> The data

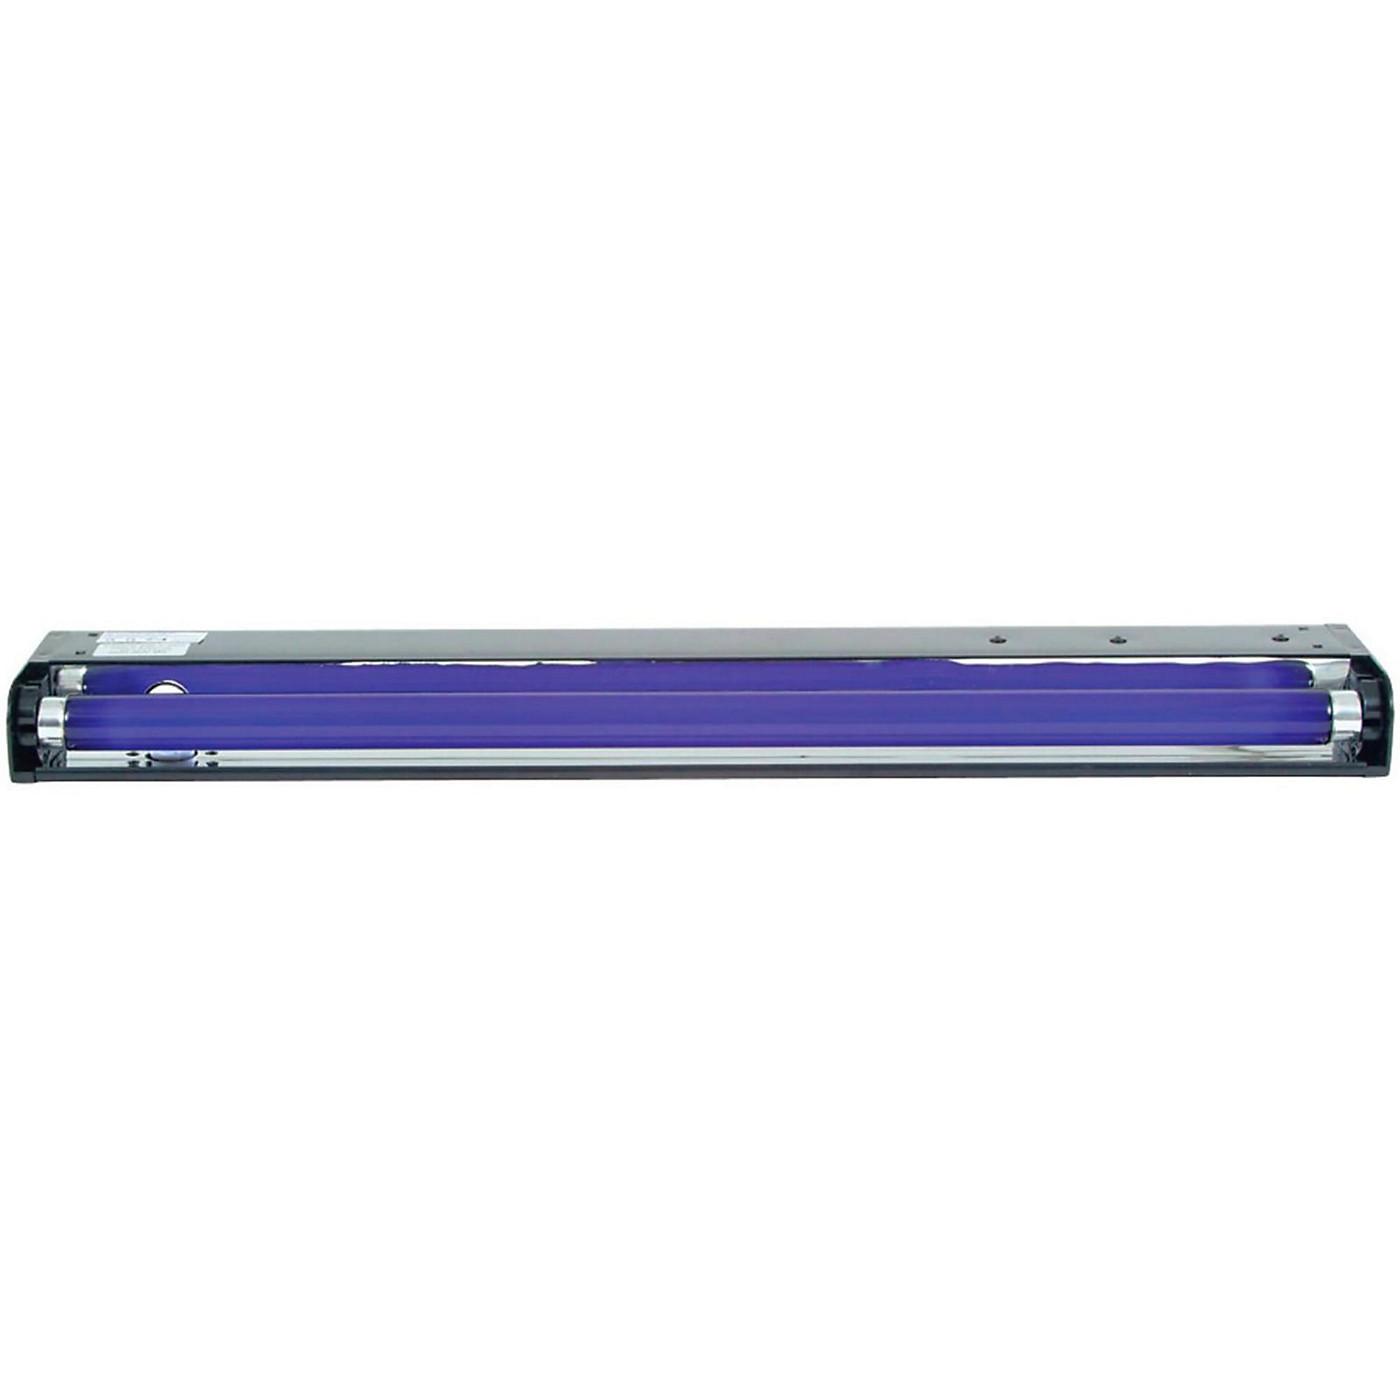 Eliminator Lighting Black-48 (E-124) Blacklight thumbnail
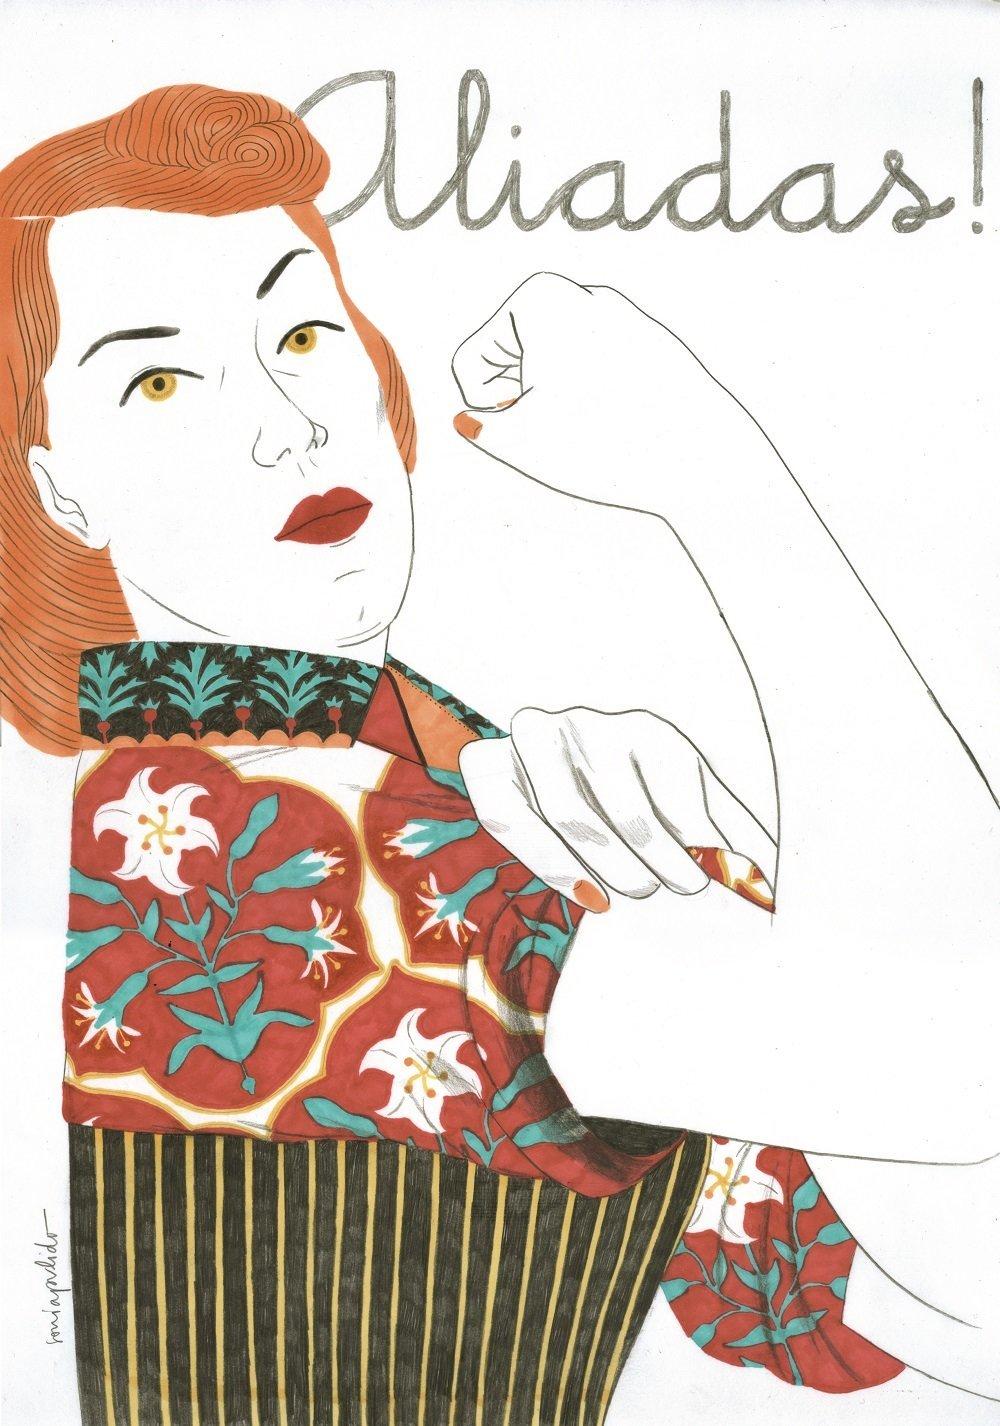 "<a href=""http://soniapulido.blogspot.com.es/"" target=""_blank"">Sonia Pulido</a>"
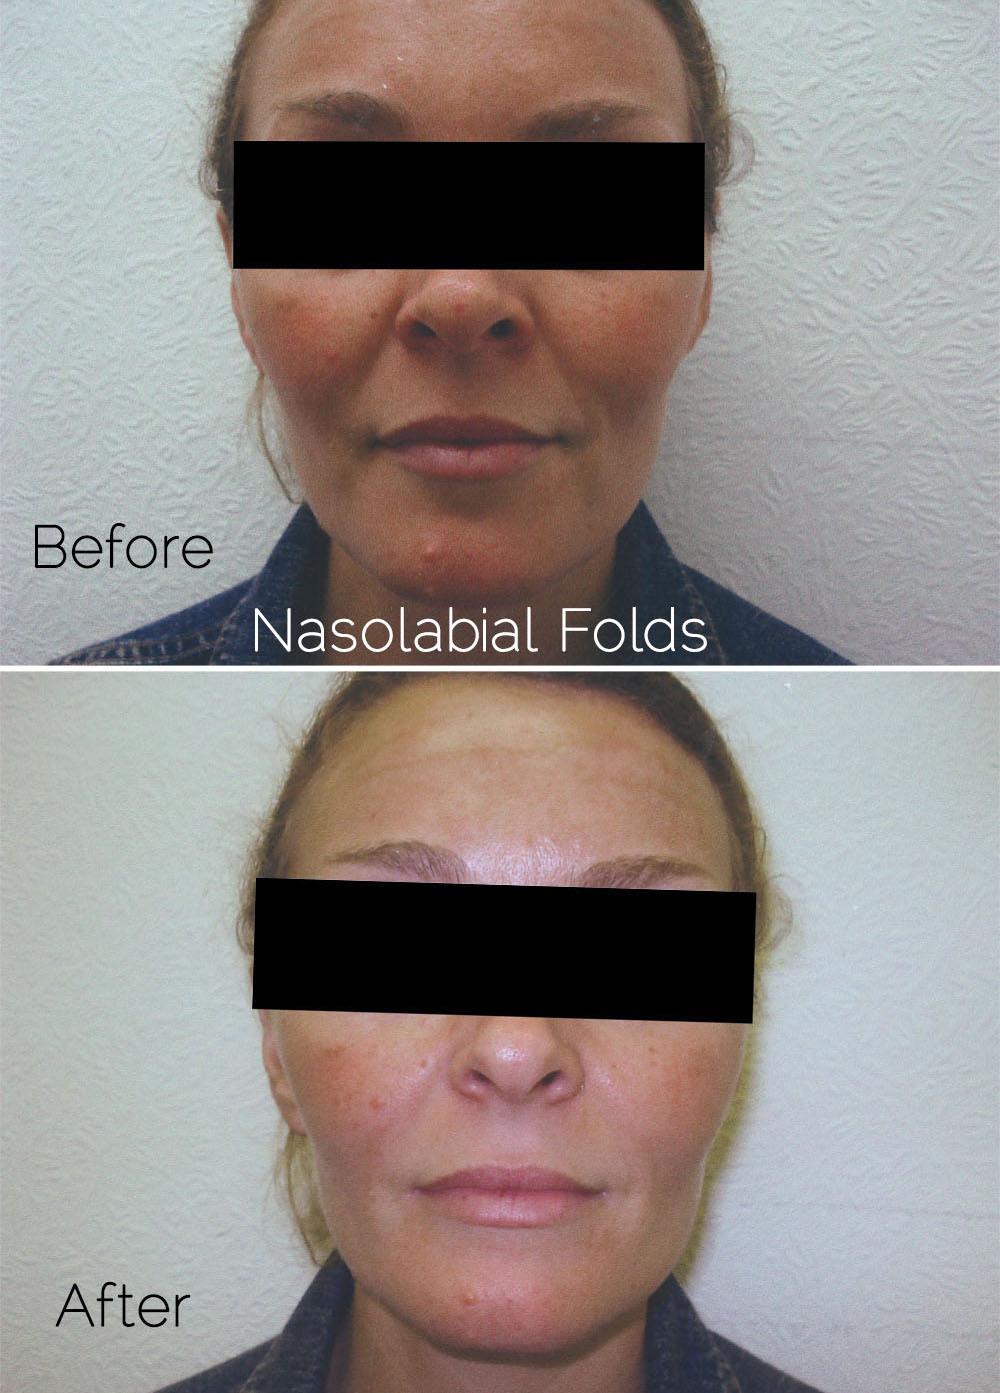 Nasolabial fold filler

> Exercise directions
Repeat the whole listing above word for word, but keep any picture out of it.

> Solution to this task
 Eliminator Lighting Black-48 (E-124) Blacklight thumbnail
 "<a href=""http://soniapulido.blogspot.com.es/"" target=""_blank"">Sonia Pulido</a>"
 Nasolabial fold filler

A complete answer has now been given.